Stored records
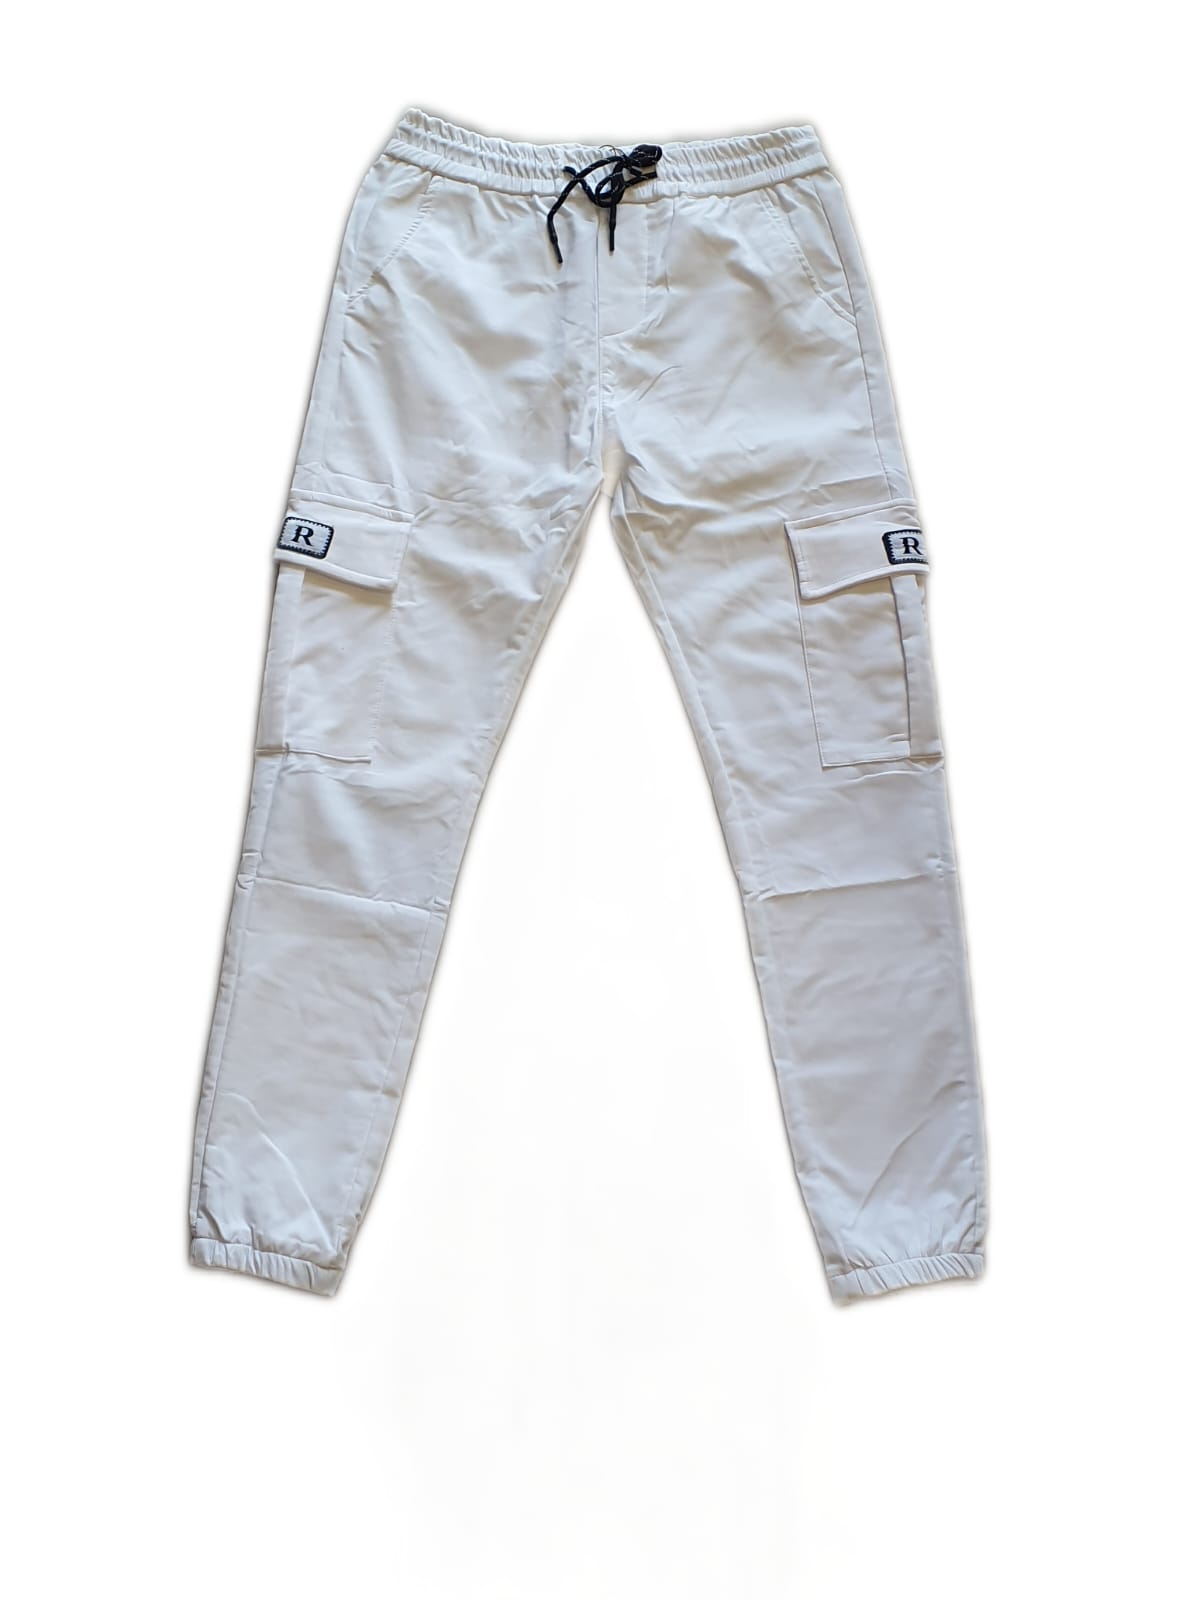  Cargo Pants for Men Solid Casual Multiple Pockets
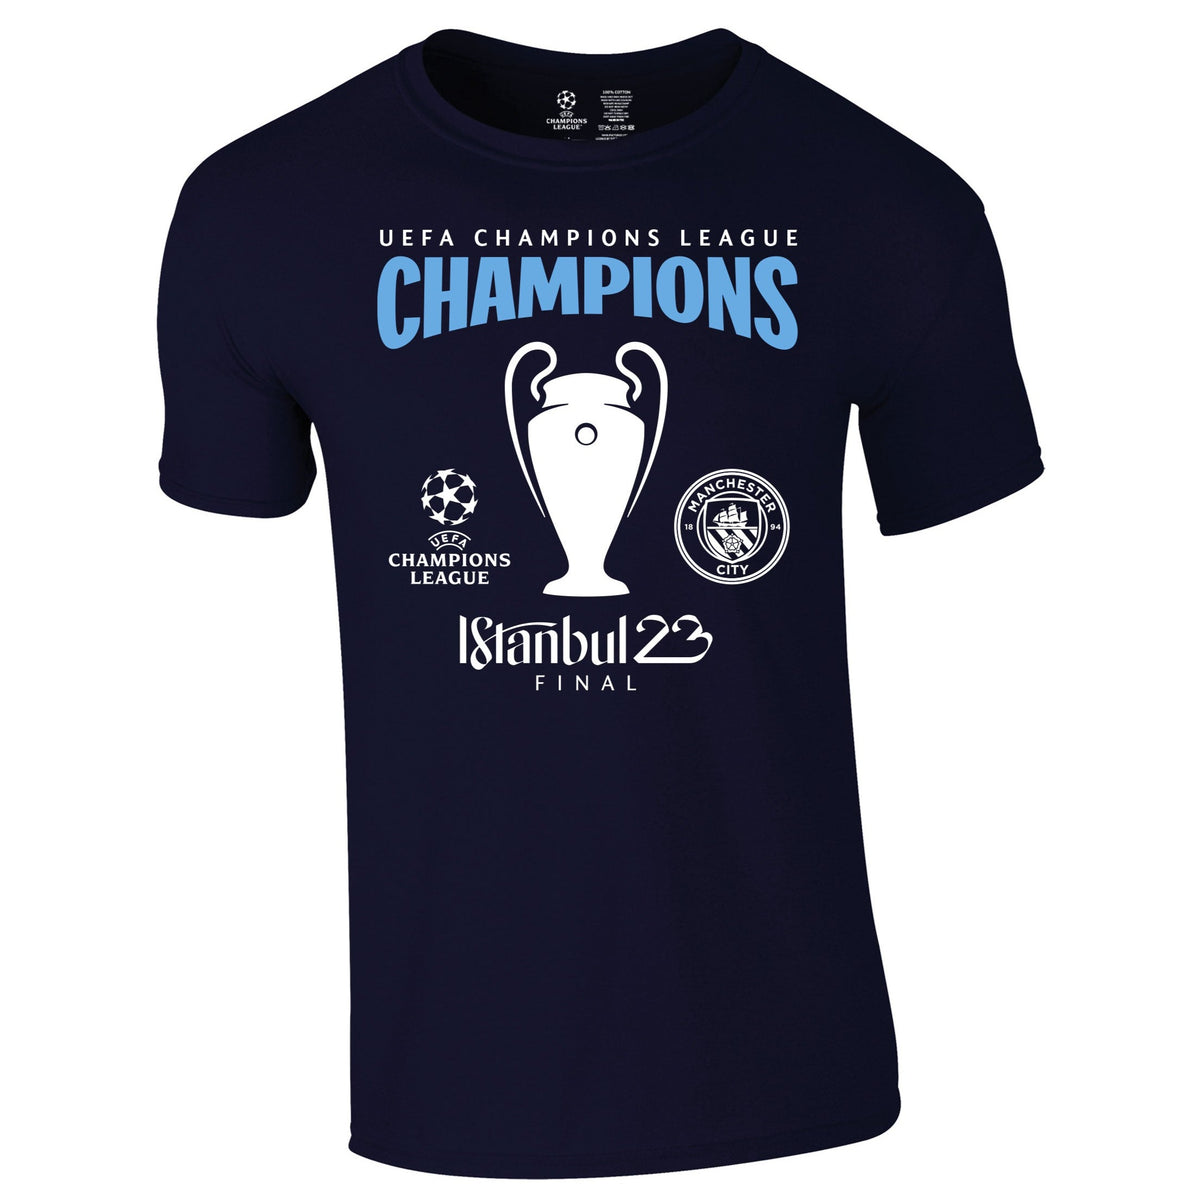 Champions League Manchester City Champions Starball T-Shirt Navy
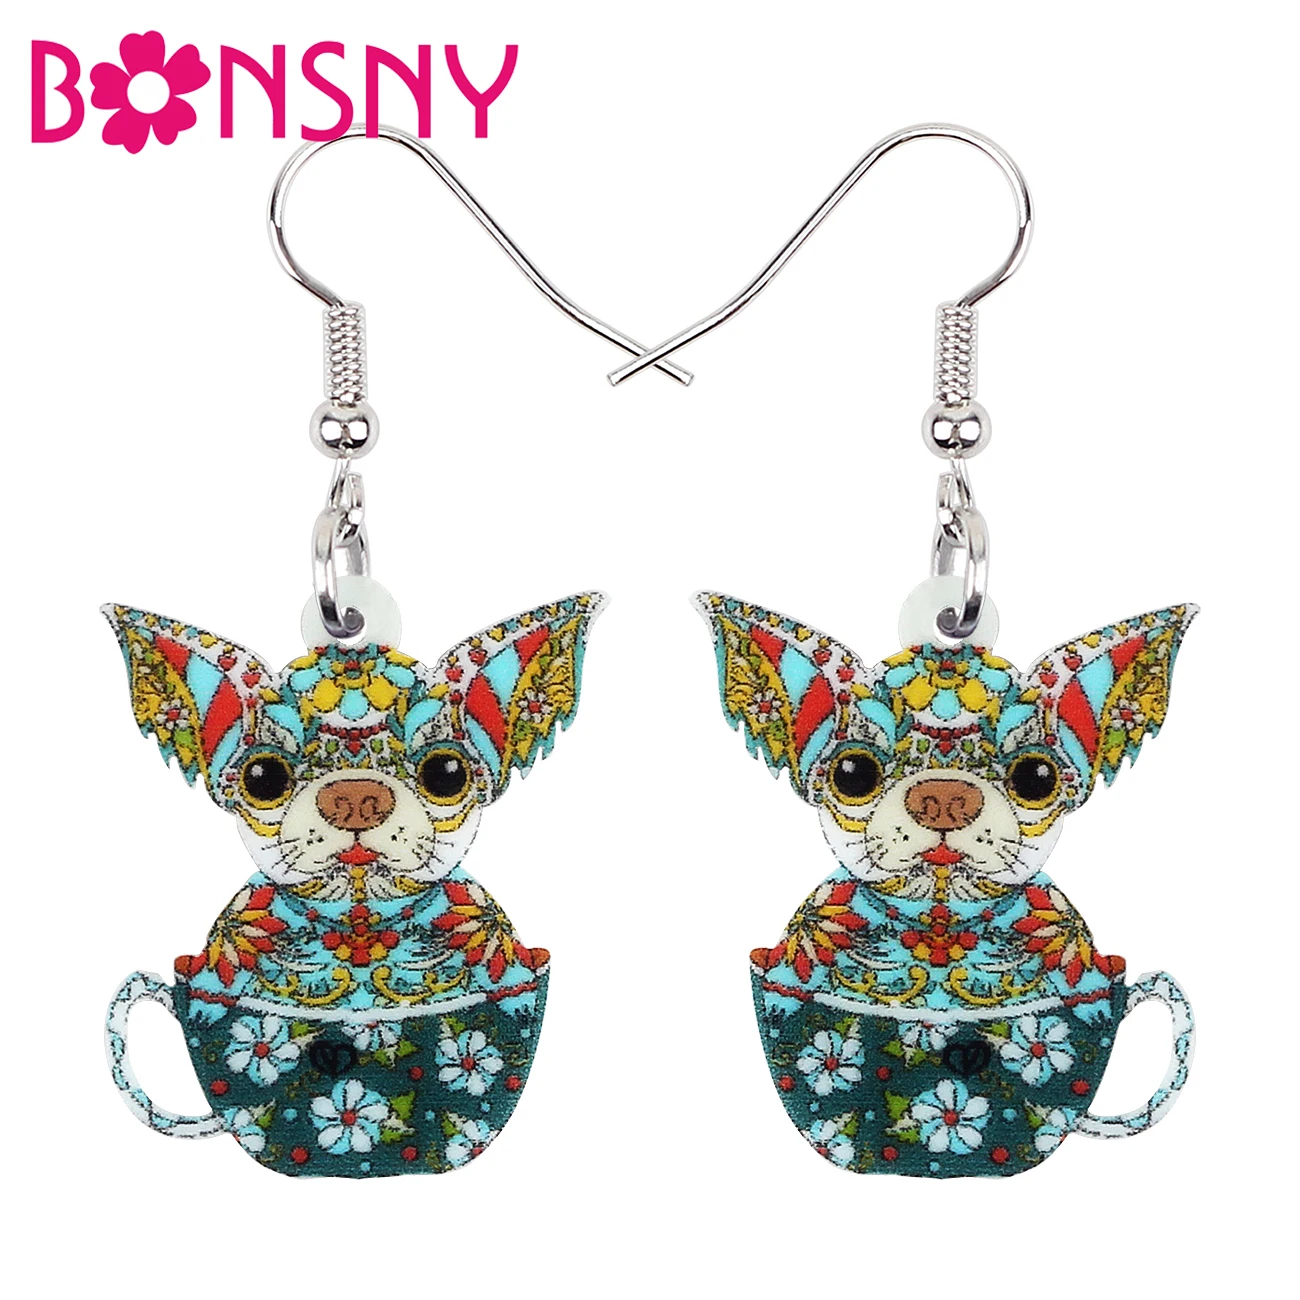 

BONSNY Acrylic Floral Chihuahua Cup Dog Earrings Long Drop Dangle Fashion Pets Jewelry For Women Girls Party Teens Gifts
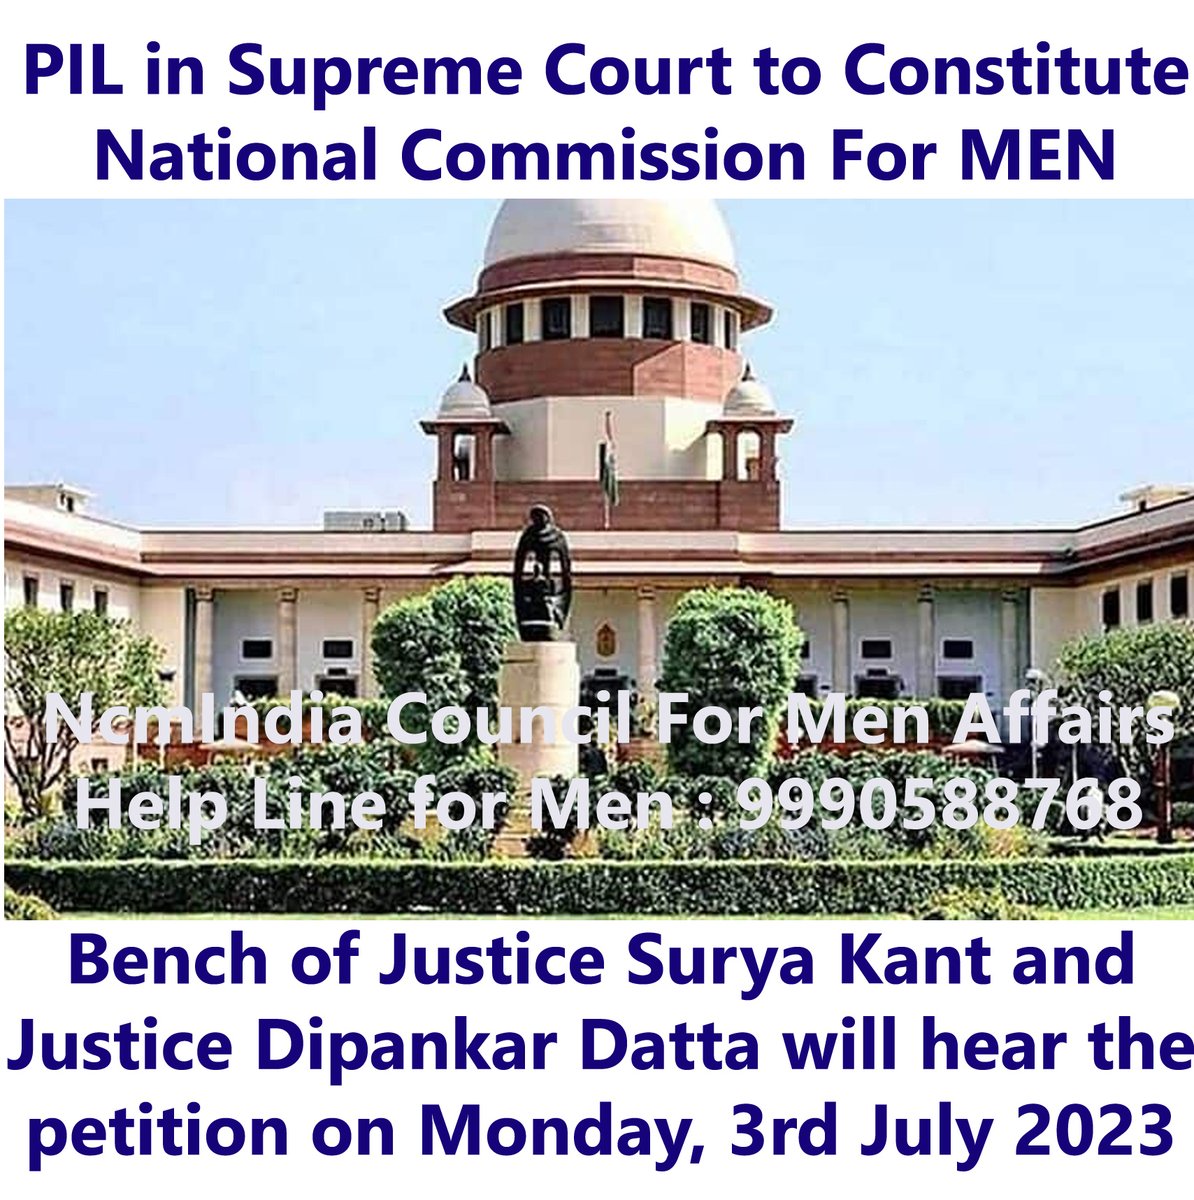 #PurushAayog #UniformCivilCode 
A PIL has been filled in the Supreme Court to issue direction to the Central Govt to constitute National Commission For Men to safeguard the interests of Male Victims of #DomesticViolence and address the issue of growing number of suicides by
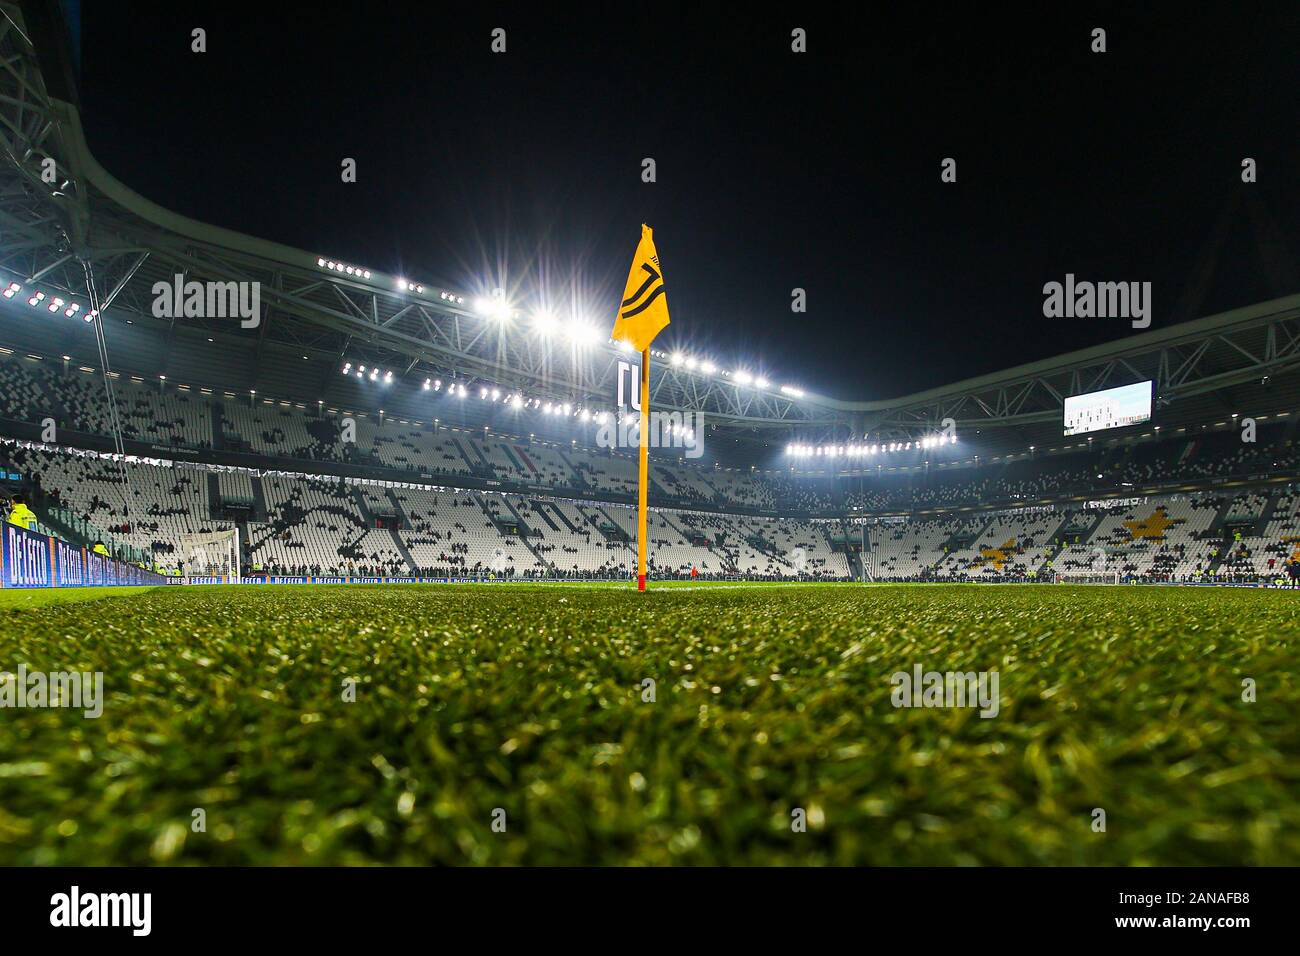 A General View Of Allianz Stadium Before The Italy Cup Football Match Between Juventus Fc And Udinese Calcio On January 15 2010 In Turin Italy Stock Photo Alamy

Problem. Copy the records word for word, leaving no picture in the copy.

The completed task.
  Cargo Pants for Men Solid Casual Multiple Pockets
 Champions League Manchester City Champions Starball T-Shirt Navy

BONSNY Acrylic Floral Chihuahua Cup Dog Earrings Long Drop Dangle Fashion Pets Jewelry For Women Girls Party Teens Gifts
 #PurushAayog #UniformCivilCode 
A PIL has been filled in the Supreme Court to issue direction to the Central Govt to constitute National Commission For Men to safeguard the interests of Male Victims of #DomesticViolence and address the issue of growing number of suicides by
 A General View Of Allianz Stadium Before The Italy Cup Football Match Between Juventus Fc And Udinese Calcio On January 15 2010 In Turin Italy Stock Photo Alamy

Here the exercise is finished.